WORK TO BE COMPLETED. Set down, character for character, everything in the records below from the line holding "ご予約減衰不十分な【NEW】Shave Loss Soap" down to the line holding "Skizze vom Innenarchitekturbüro", and no other line.

LISTED ENTRIES.

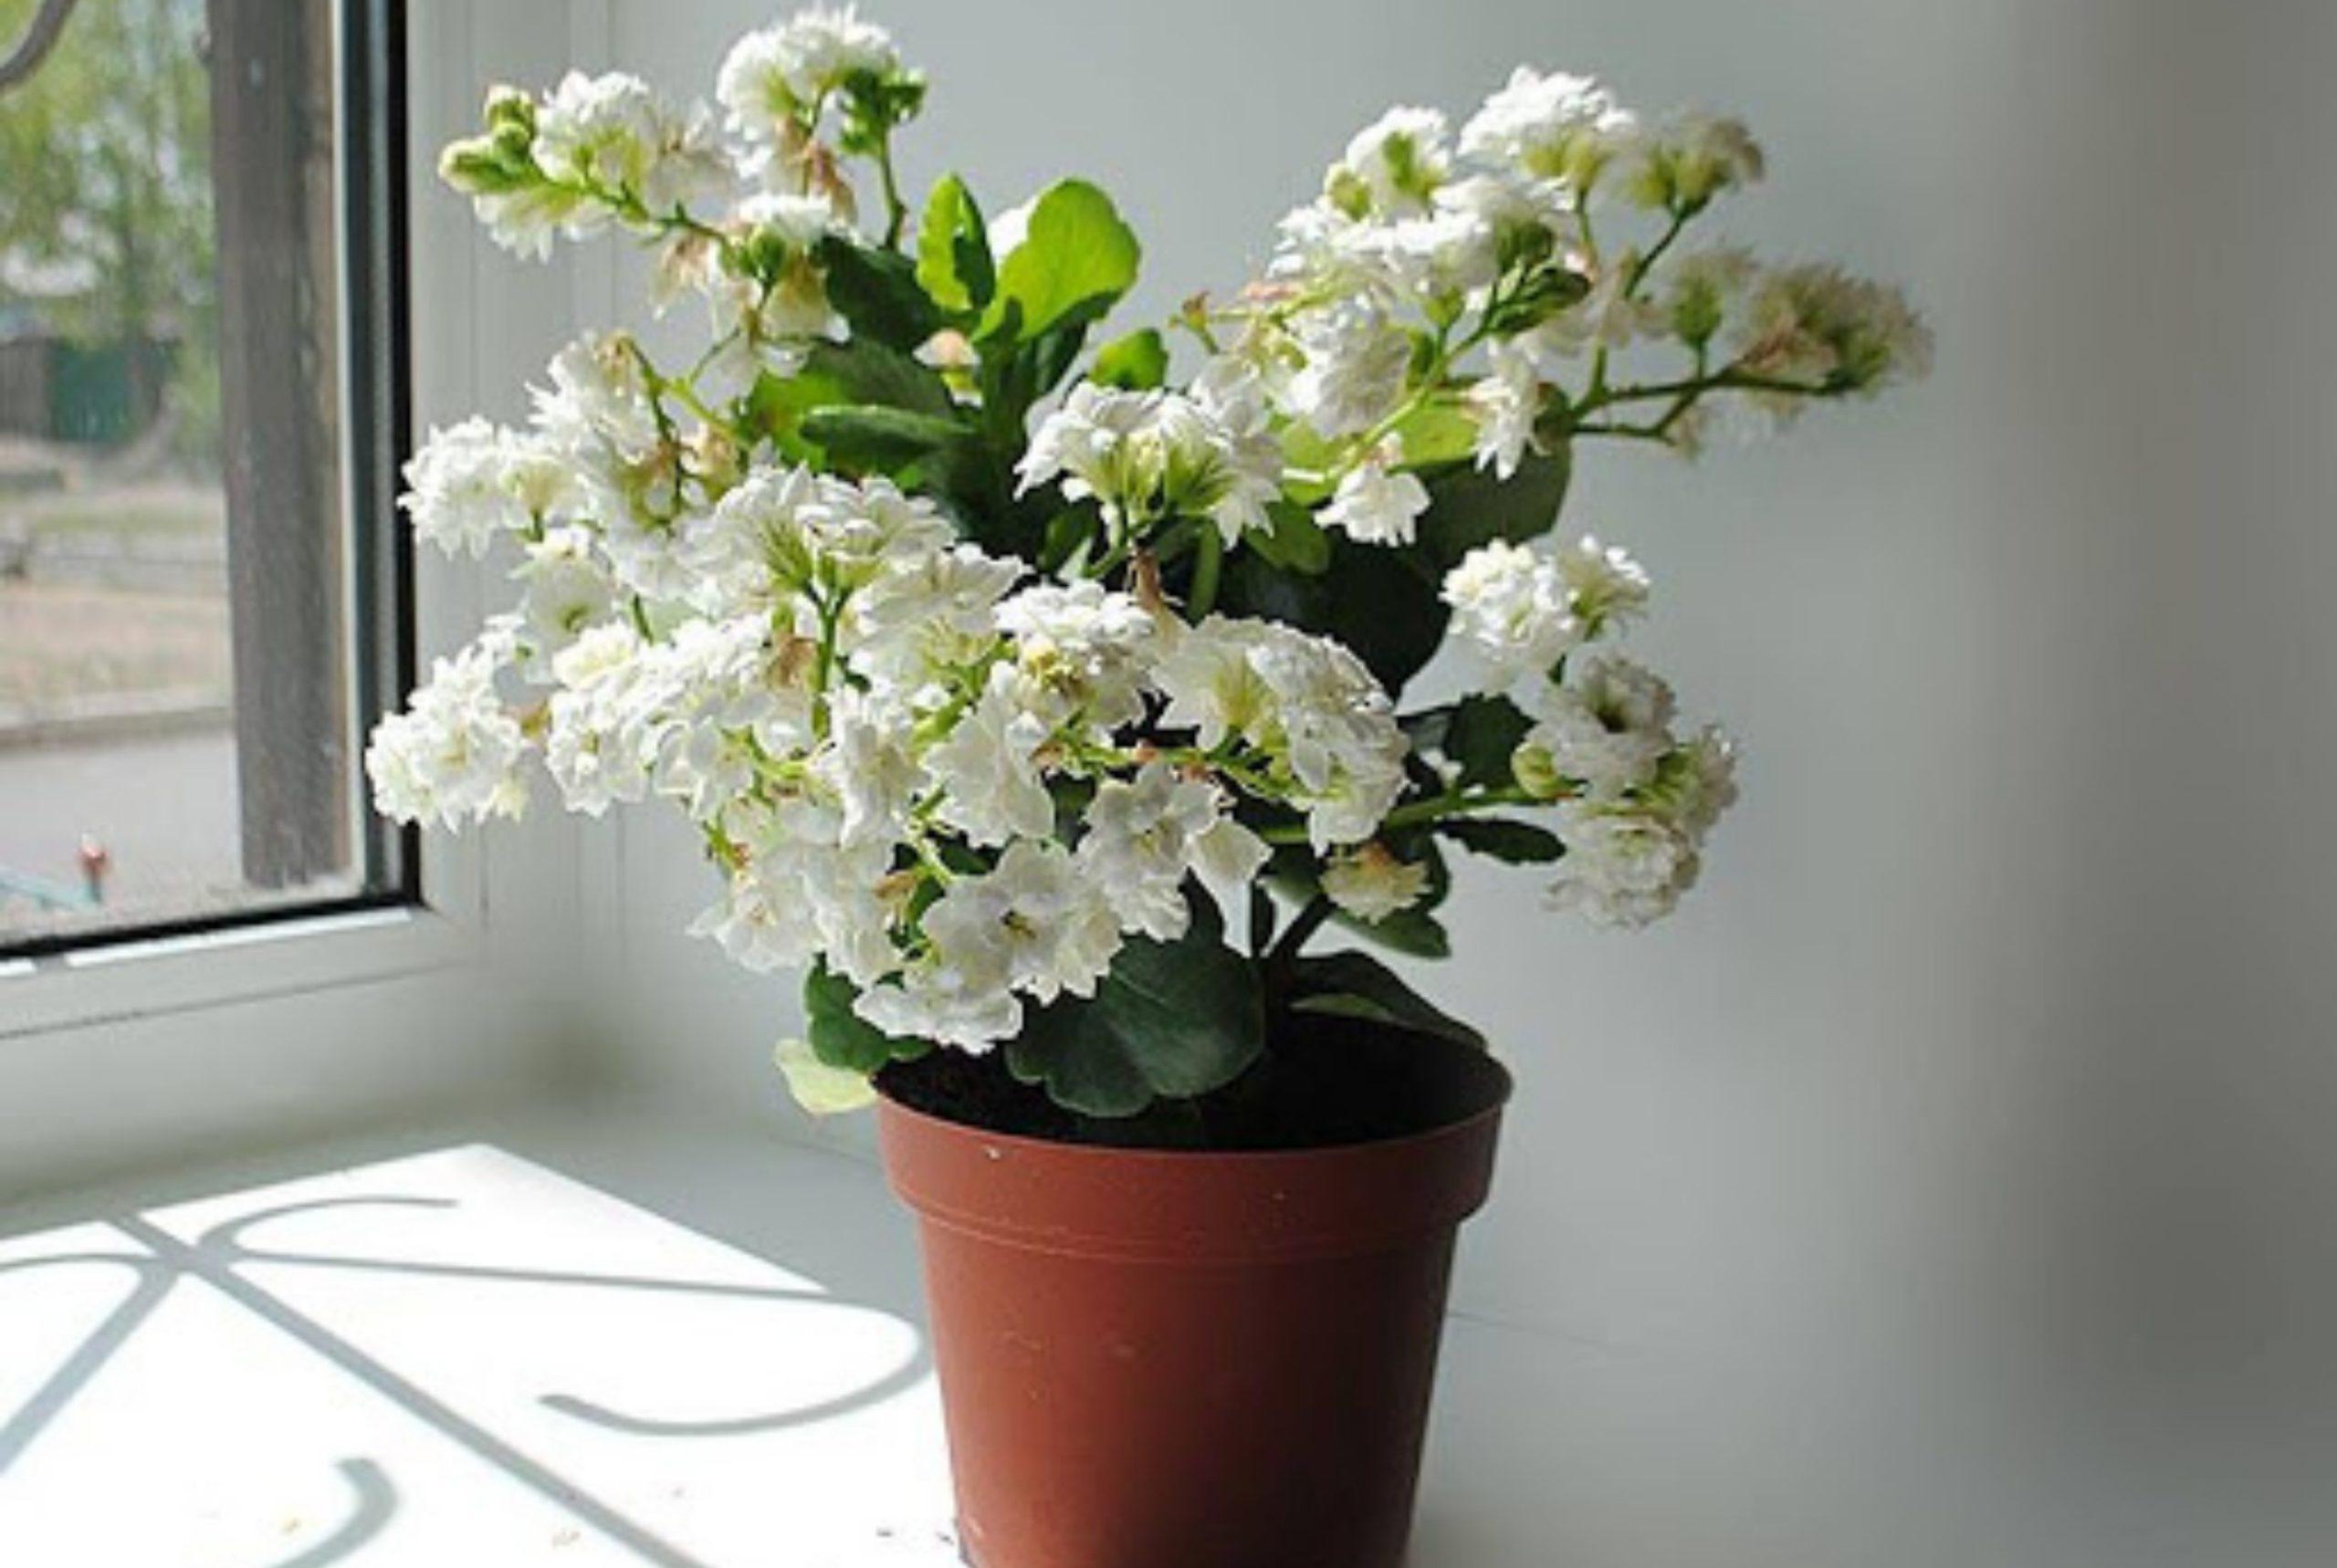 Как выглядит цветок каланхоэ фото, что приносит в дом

--

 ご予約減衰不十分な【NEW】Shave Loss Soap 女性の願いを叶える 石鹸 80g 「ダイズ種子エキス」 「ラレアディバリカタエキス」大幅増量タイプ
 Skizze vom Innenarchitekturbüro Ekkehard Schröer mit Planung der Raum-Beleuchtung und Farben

--

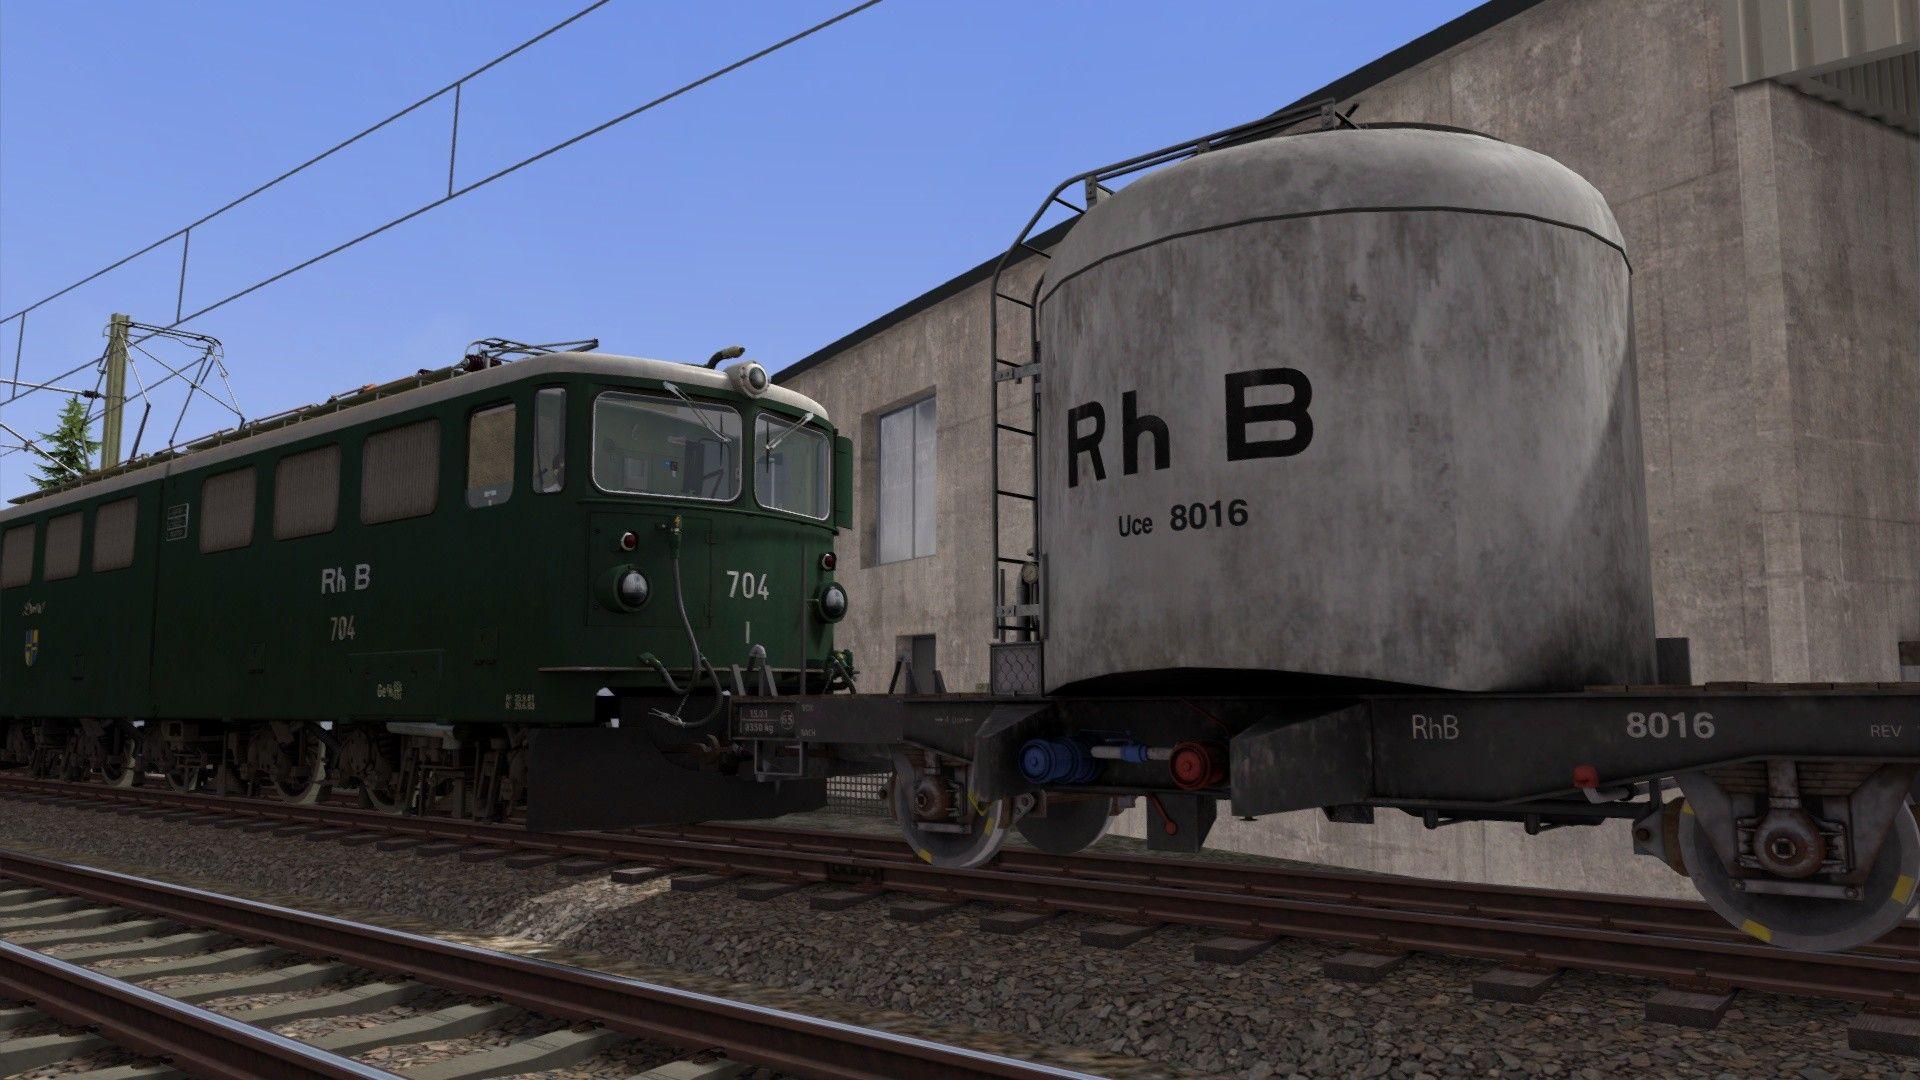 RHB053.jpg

EXERCISE ANSWER.
 ご予約減衰不十分な【NEW】Shave Loss Soap 女性の願いを叶える 石鹸 80g 「ダイズ種子エキス」 「ラレアディバリカタエキス」大幅増量タイプ
 Skizze vom Innenarchitekturbüro Ekkehard Schröer mit Planung der Raum-Beleuchtung und Farben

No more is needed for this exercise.